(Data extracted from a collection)
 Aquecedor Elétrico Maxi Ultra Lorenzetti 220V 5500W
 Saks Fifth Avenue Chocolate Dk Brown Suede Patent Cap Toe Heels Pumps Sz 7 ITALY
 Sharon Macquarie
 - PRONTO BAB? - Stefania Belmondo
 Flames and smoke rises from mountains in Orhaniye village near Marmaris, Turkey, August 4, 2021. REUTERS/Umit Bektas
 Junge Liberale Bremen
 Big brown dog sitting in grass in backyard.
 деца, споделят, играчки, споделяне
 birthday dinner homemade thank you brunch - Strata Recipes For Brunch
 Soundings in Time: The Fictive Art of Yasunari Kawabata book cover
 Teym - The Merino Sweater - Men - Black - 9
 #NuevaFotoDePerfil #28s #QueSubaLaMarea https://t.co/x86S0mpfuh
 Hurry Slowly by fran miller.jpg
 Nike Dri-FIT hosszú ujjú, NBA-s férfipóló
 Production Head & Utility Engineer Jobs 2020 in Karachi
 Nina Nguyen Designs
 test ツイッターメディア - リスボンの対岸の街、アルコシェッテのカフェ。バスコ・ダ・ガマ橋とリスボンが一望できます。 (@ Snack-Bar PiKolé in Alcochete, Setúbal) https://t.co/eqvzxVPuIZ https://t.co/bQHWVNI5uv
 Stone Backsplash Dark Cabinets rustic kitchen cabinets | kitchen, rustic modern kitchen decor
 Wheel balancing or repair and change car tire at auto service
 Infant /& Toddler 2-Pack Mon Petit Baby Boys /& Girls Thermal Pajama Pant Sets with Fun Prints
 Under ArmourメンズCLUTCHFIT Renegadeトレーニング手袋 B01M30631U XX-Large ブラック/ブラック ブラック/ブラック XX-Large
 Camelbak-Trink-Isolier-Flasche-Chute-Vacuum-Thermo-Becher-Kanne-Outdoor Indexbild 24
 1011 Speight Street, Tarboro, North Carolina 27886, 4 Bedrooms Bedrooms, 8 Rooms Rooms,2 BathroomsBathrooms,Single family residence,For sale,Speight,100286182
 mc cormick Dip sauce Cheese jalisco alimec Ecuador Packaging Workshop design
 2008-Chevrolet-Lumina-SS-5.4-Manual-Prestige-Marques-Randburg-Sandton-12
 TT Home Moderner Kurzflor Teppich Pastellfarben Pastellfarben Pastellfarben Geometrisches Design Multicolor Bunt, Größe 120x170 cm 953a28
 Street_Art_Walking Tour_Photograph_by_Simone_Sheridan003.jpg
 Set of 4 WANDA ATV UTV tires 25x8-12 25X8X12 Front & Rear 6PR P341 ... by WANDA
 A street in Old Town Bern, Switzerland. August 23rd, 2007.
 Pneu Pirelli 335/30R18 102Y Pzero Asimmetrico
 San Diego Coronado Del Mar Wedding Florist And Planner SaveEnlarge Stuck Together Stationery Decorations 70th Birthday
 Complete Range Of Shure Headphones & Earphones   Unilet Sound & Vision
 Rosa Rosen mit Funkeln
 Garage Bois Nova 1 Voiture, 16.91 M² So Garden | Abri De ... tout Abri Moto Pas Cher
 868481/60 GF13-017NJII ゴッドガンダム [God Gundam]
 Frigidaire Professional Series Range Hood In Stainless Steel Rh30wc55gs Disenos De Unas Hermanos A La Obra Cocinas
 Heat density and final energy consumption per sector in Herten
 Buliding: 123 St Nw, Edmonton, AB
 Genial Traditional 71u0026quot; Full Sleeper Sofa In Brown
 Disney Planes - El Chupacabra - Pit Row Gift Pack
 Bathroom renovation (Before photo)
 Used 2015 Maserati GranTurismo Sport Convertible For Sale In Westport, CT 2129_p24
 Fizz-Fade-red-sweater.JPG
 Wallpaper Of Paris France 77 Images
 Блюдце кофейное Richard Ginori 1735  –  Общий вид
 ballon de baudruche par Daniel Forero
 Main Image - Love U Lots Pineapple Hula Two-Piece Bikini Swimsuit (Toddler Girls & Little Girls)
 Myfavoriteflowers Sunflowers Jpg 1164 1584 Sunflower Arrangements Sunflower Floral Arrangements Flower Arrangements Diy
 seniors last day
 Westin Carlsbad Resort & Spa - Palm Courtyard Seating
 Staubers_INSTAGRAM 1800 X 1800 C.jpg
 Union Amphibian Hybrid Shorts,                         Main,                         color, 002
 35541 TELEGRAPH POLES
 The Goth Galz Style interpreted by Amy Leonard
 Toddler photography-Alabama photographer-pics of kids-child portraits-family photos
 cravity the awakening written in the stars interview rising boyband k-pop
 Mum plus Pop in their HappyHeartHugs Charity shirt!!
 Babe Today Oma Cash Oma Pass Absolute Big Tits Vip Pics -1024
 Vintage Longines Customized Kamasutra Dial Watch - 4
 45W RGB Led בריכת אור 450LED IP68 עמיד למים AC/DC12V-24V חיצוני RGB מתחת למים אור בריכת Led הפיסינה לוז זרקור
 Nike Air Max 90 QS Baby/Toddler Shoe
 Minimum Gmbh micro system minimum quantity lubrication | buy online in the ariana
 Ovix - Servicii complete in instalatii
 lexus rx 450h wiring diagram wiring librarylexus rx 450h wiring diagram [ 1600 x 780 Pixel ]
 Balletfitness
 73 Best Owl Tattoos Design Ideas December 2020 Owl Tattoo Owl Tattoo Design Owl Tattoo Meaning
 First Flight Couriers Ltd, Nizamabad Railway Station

● WORK INSTRUCTIONS
Only the lines that contain the string "August" are to be copied from the records.

● TASK RESULT
 Flames and smoke rises from mountains in Orhaniye village near Marmaris, Turkey, August 4, 2021. REUTERS/Umit Bektas
 A street in Old Town Bern, Switzerland. August 23rd, 2007.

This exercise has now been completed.